*** Block opens ***
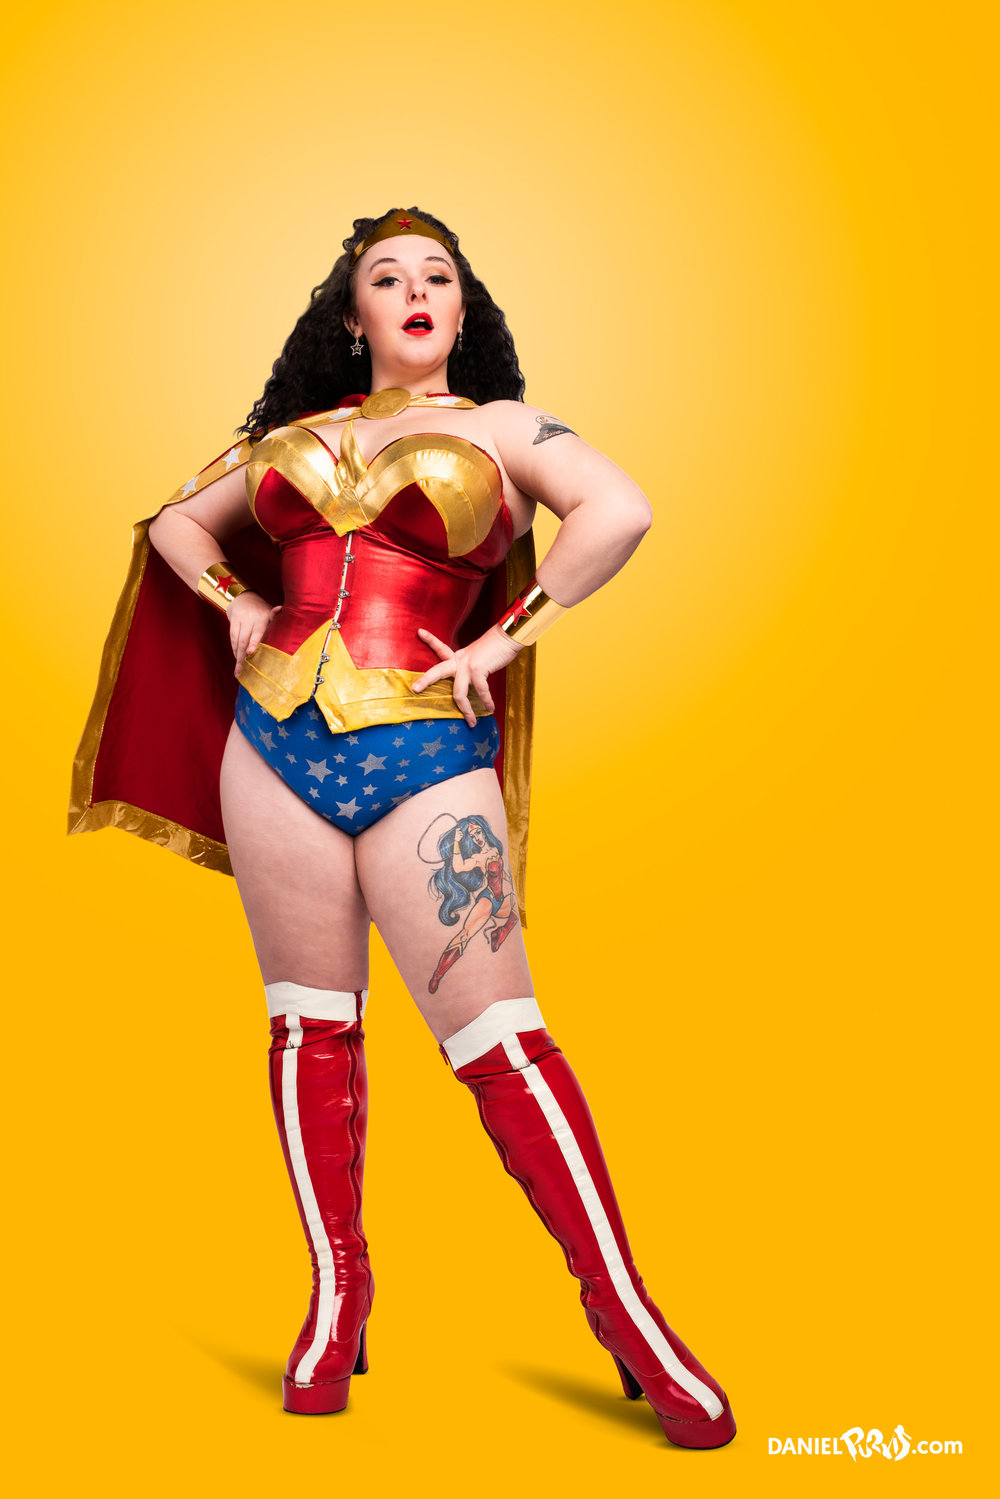 2018 Wonder Woman_DSC6610 v5 sRGB.jpg
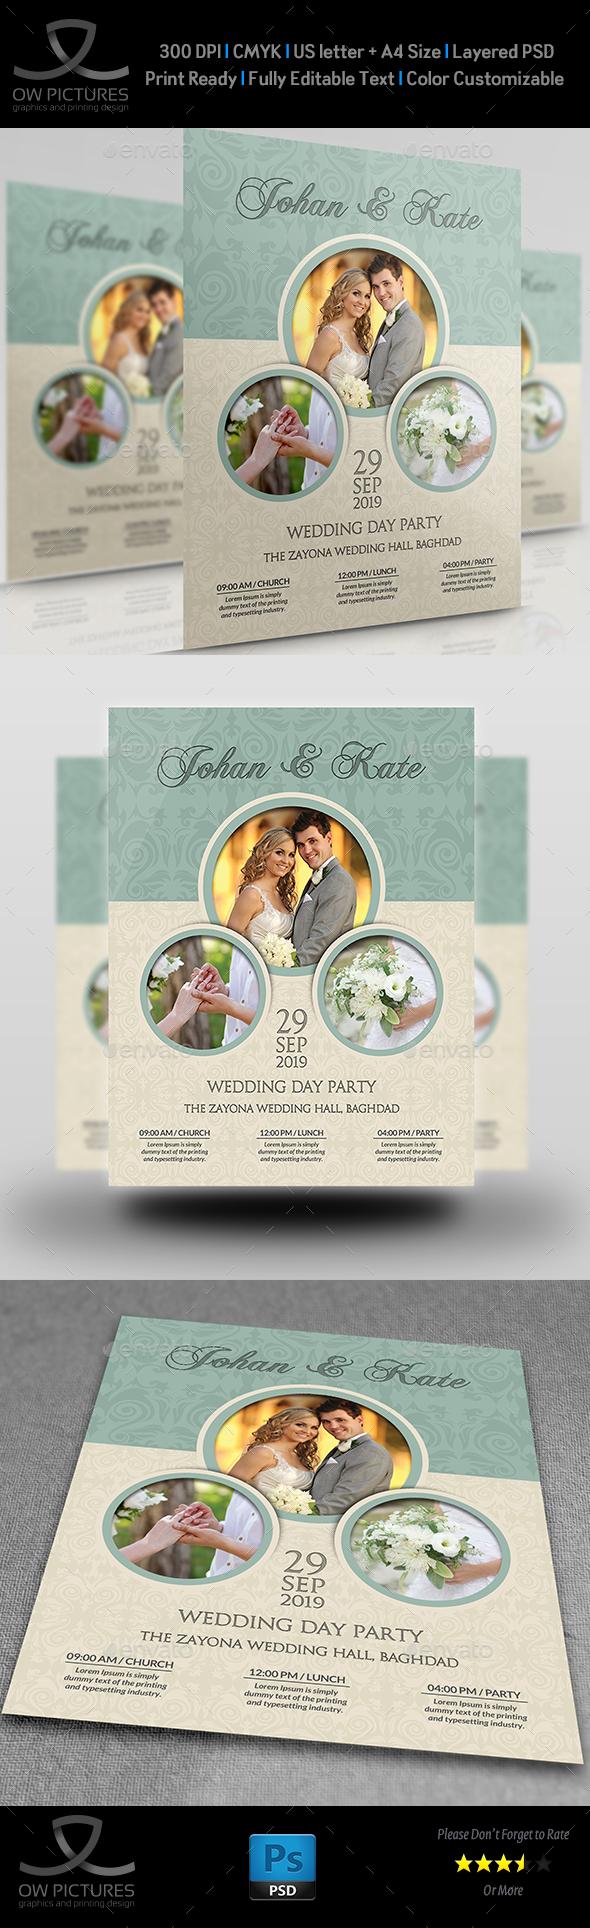 Wedding Party Flyer Template Vol.6 - Flyers Print Templates
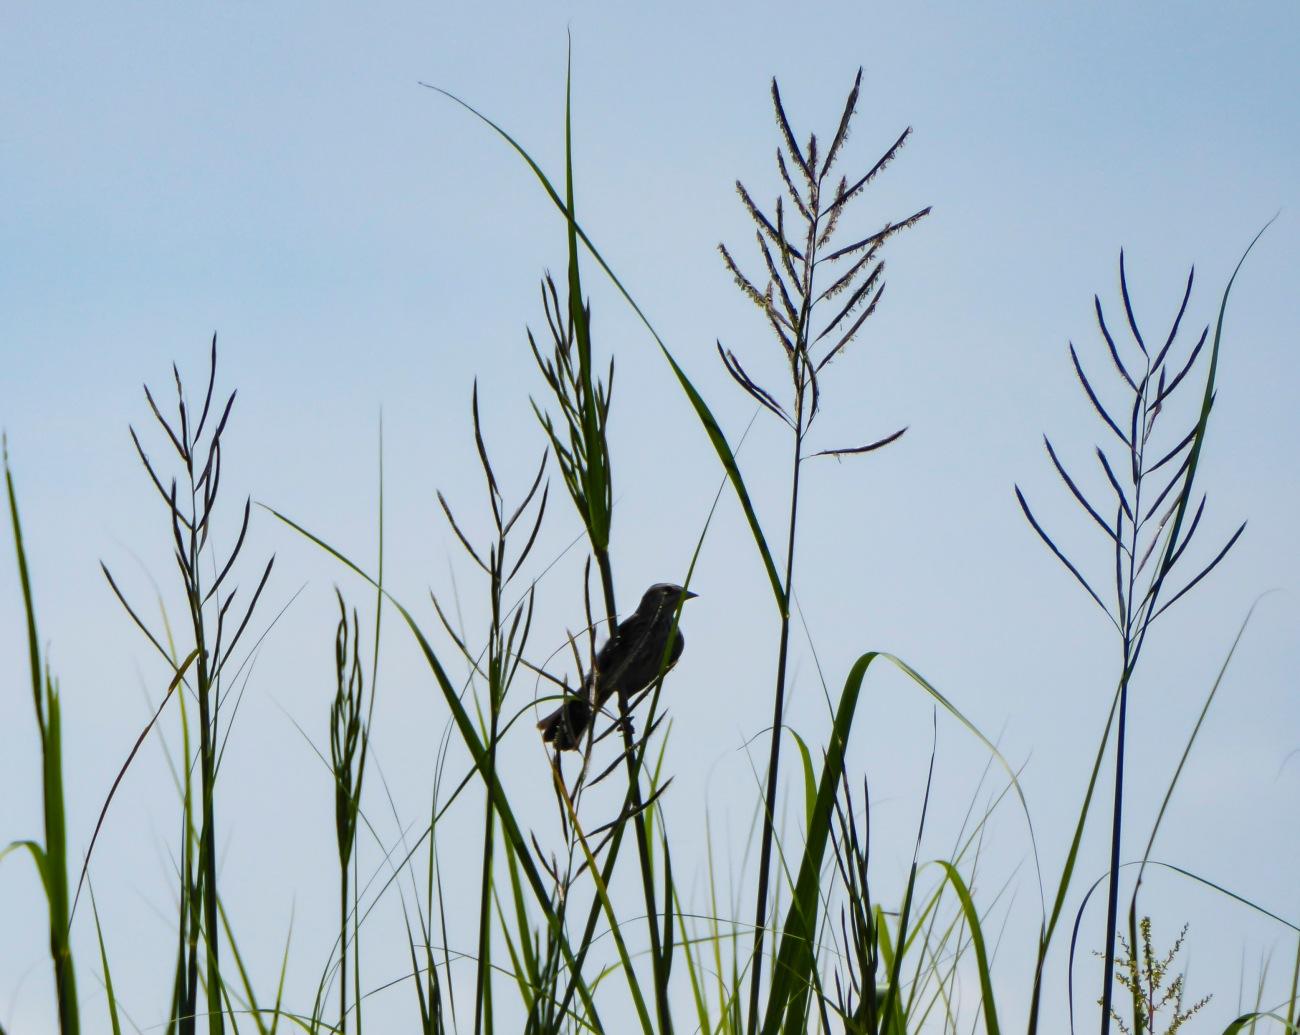 20180729_125522_Songbird in the marsh grass
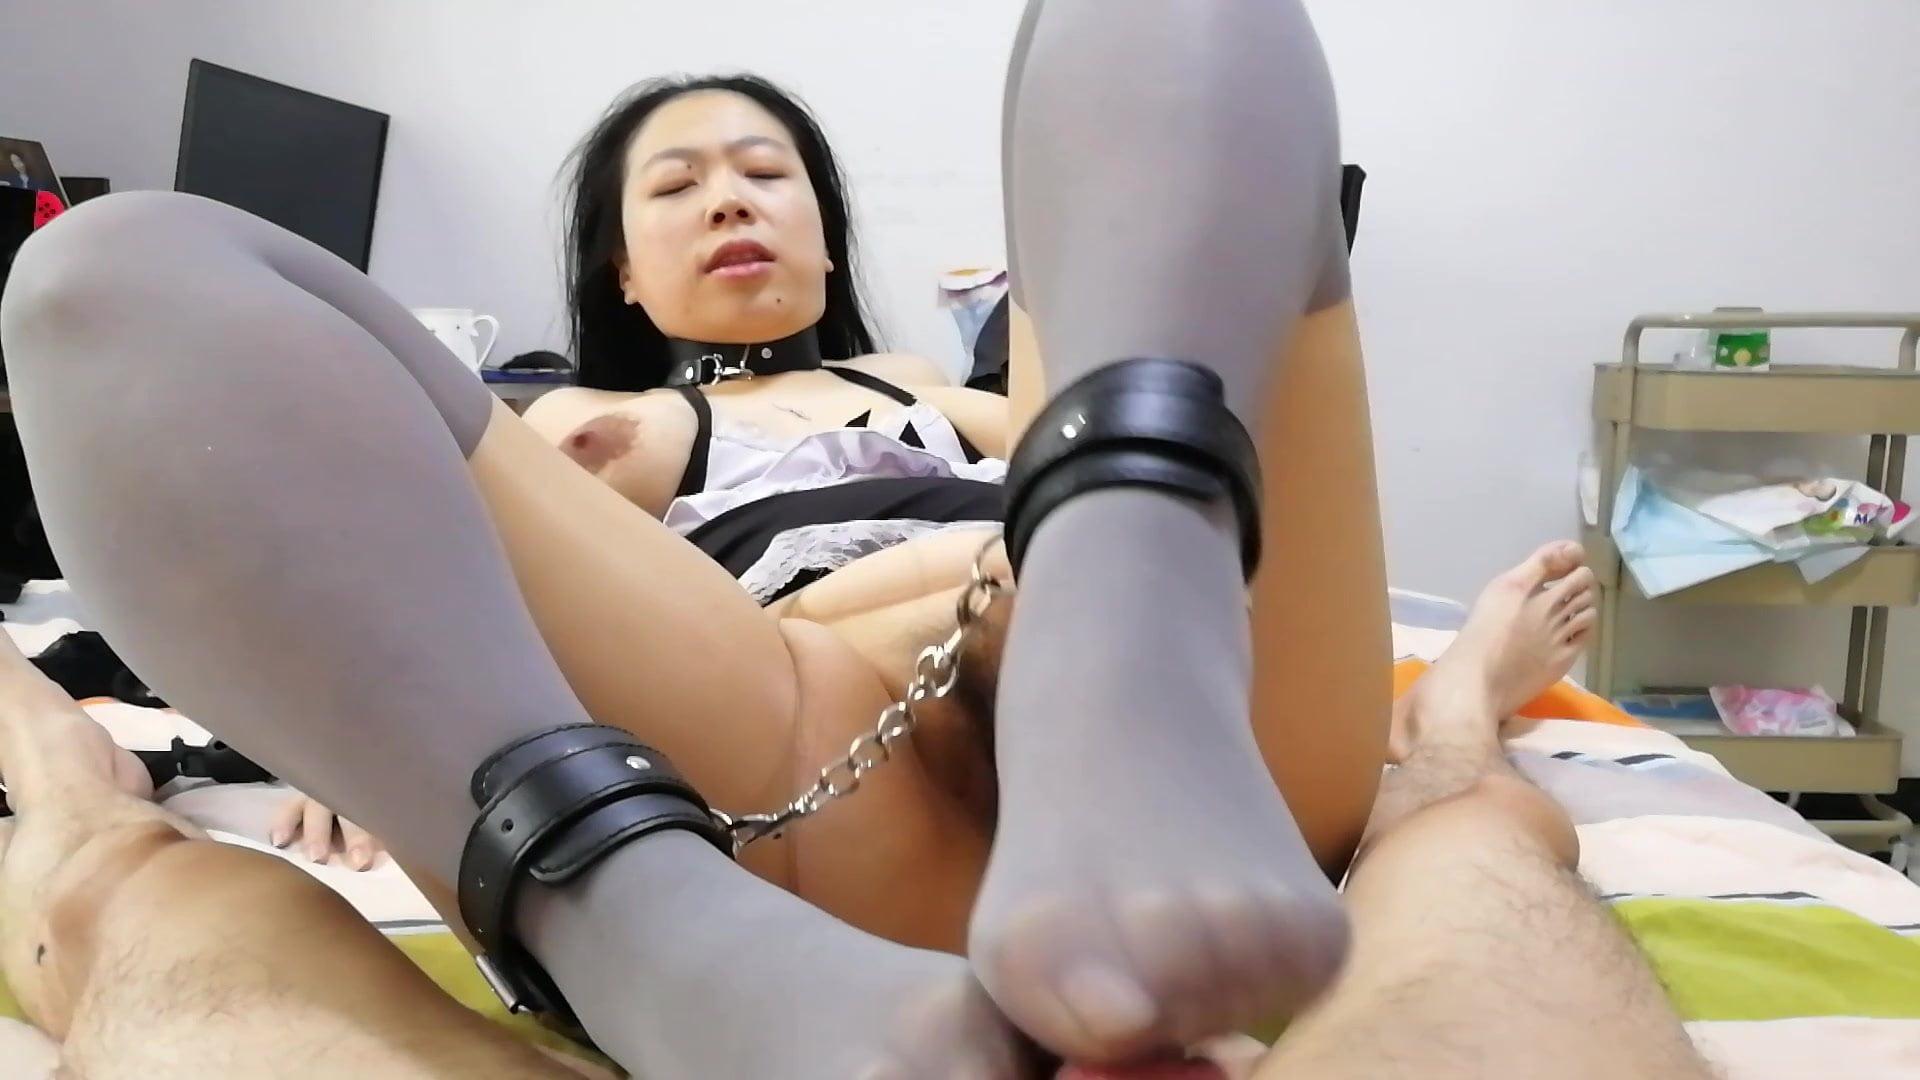 Asian Insert Heels Porn asian chinese slut in hotel - asian hotel, asian slut, slut
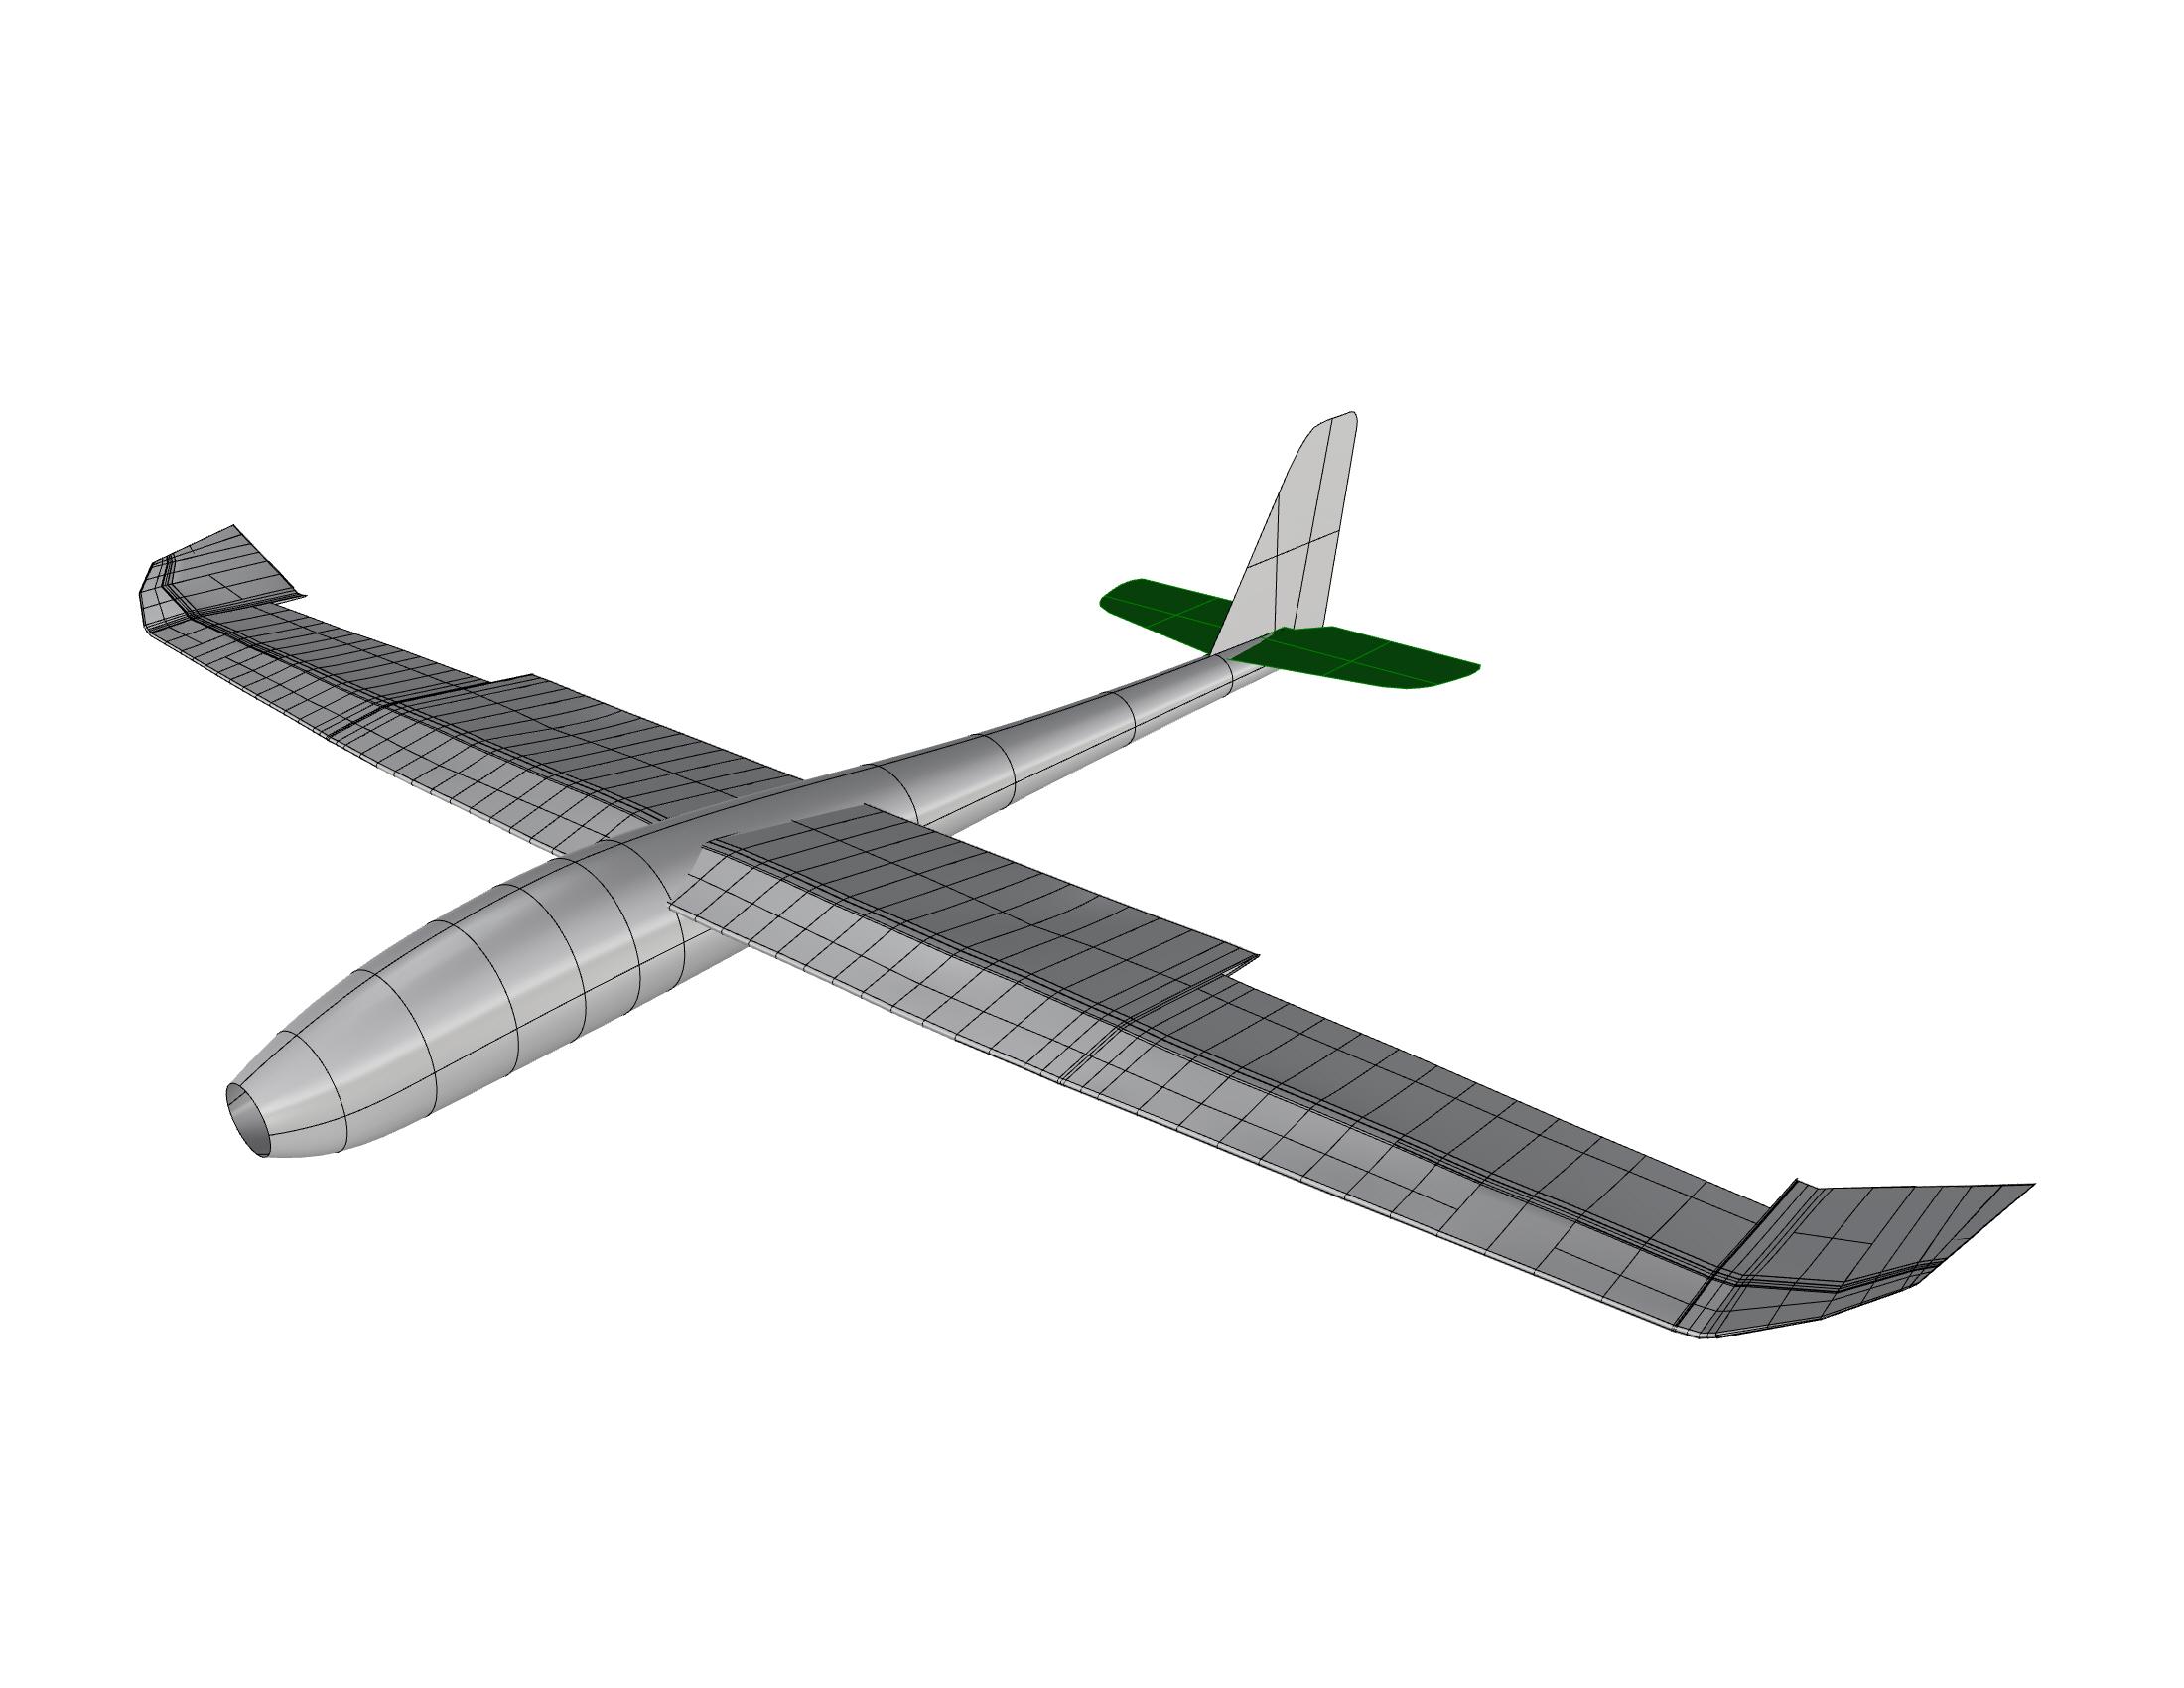 3D Model Picture 5.jpg
*** Block closes ***
The task: Take the records above from the line with "Asian Insert Heels" down to their last line and please copy those lines exactly, without the pictures.

The answer:
 Asian Insert Heels Porn asian chinese slut in hotel - asian hotel, asian slut, slut
 3D Model Picture 5.jpg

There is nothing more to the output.